POSTER ABSTRACTS / RESUMOS DE POSTERS

 

P-11

Molecular profile of Myotonic Dystrophy type 1 (DM1) in portuguese families

 

 

Márcia E. Oliveira^I; Nuno Maia^I; Isabel Marques^I; Rosário Santos^I,II

^IUnidade de Genética Molecular, Centro Genética Médica Doutor Jacinto Magalhães, Centro Hospitalar do Porto - EPE, Porto, Portugal; Unidade Multidisciplinar de Investigação Biomédica (UMIB), Instituto de Ciências Biomédicas Abel Salazar (ICBAS), Universidade do Porto, Porto, Portugal
^IIUCIBIO/REQUIMTE, Departamento de Ciências Biológicas, Laboratório de Bioquímica, Faculdade de Farmácia, Universidade do Porto, Porto, Portugal

marcia.oliveira@chporto.min-saude.pt

 

 

Myotonic Dystrophy type 1 (DM1), also known as Steinert disease, is the most common adult form of muscular dystrophy. It is an autosomal dominant disorder caused by the expansion of unstable [CTG] repeats in the 3’ untranslated region (3’UTR) of the gene of myotonic dystrophy protein kinase (DMPK), located at 19q13.3. The expanded mRNA products are toxic to cells, affecting normal splicing of other proteins in different tissues.

Myotonia is the principal manifestation of DM1, but other organ systems are also affected (e.g. ocular, cardiac and respiratory). Clinically, DM1 may be phenotipically classified into four main subtypes: i) mild, ii) classical or adult-onset, iii) juvenile and iv) congenital. The age of onset and severity are variable and directly associated with the number of expanded [CTG] repeats: larger expansions usually result in earlier onset and a more severe phenotype. Due to the instability of the expanded [CTG] repeats during transmission, it is common to observe in affected families a decreasing in age at onset and an increasing degree of severity in successive generations (anticipation).

In this work we present the molecular profile of DM1 in affected families studied at our diagnostic service, on a national basis, since the implementation of the molecular genetic testing for this disorder in 1997.

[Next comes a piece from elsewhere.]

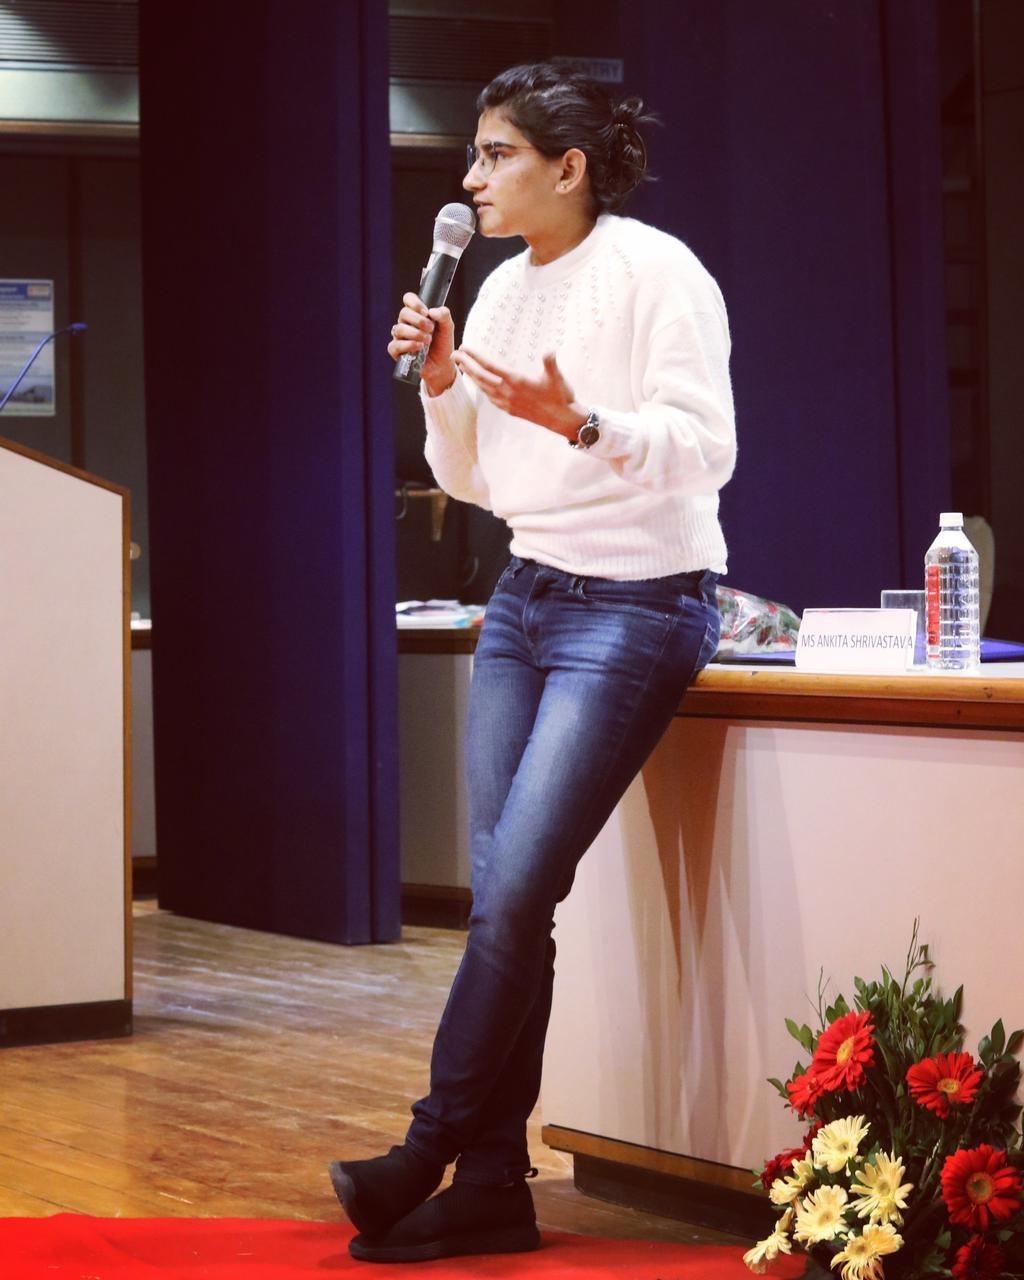 Ankita Shrivastava Experience. Liver donor and international athlete

All the cases were tested for the presence of expanded pathogenic alleles. Depending on the size of the expanded alleles, a combination of three different methods was used to determine the number of [CTG] repeats in 3’UTR of the DMPK gene: 1) conventional PCR amplification of the [CTG]- repeat region; 2) Triplet repeat-Primed (TP)-PCR and 3) Southern blotting (SB) technique. Larger expansions (about [CTG]_>100 repeats) are only detected by the last two methods; moreover, the exact size of these larger expanded repeats can only be assessed by SB. In order to establish the most accurate molecular diagnosis, the SB technique is therefore essential, particularly in the prenatal diagnostic setting.

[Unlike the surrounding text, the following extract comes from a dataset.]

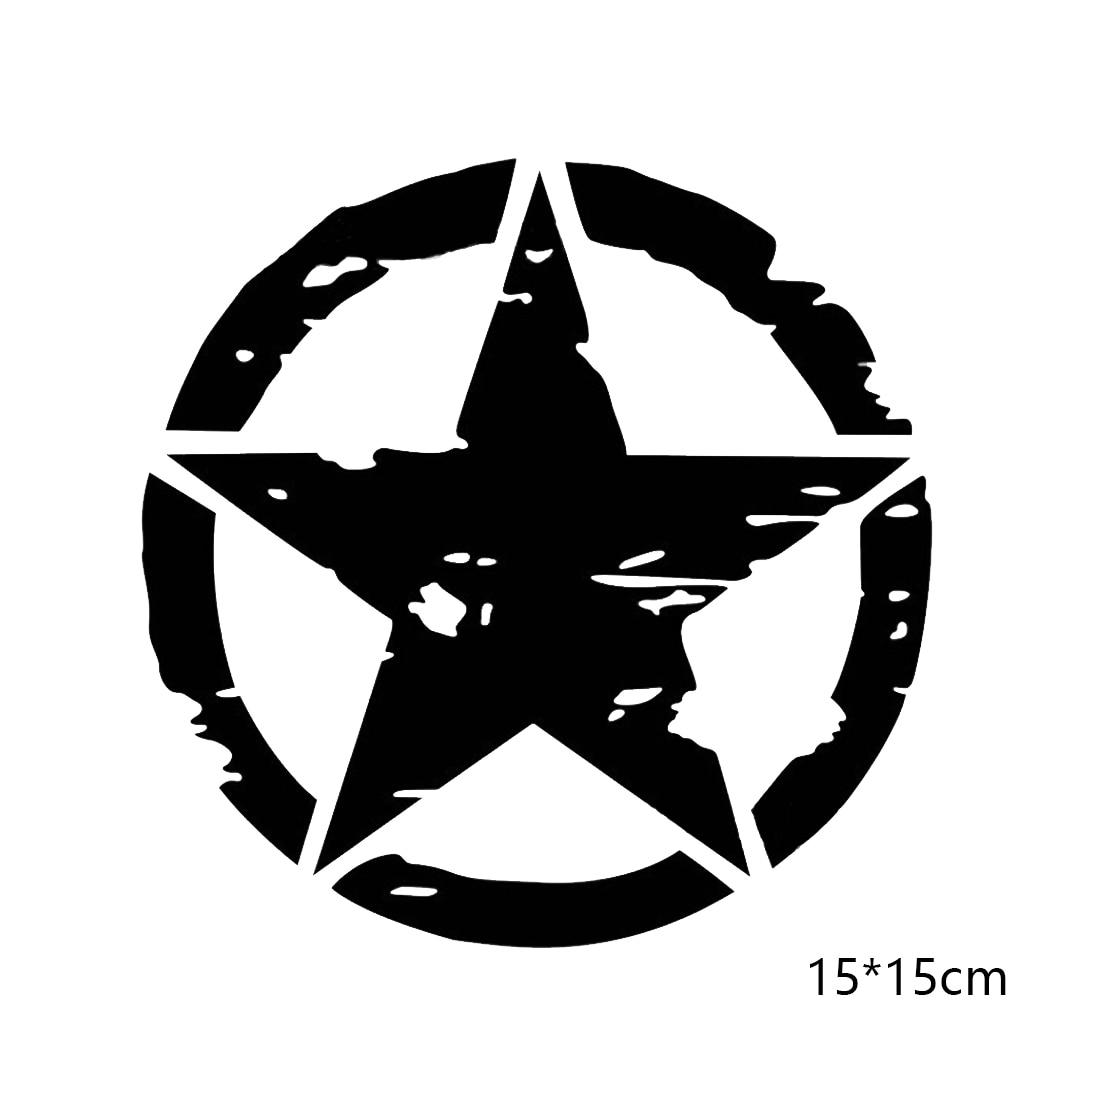 Decal Sticker PINK Army Jeep Distressed Star Vinyl

We also present both clinical and genotype heterogeneity in the DM1 families, thus demonstrating some of the characteristics associated with this triplet repeat disorder: somatic mosaicism, anticipation, influence of gender of the transmitting parent and occurrence of inter-generational size reduction in the expanded repeats.

The aim of the present work is to establish the mutation profile in patients and their families, where detailed molecular characterization is fundamental, not only to confirm the clinical diagnosis and to establish genotype-phenotype correlations, but also for trial-readiness given the emergent mutation-based therapies for DM1.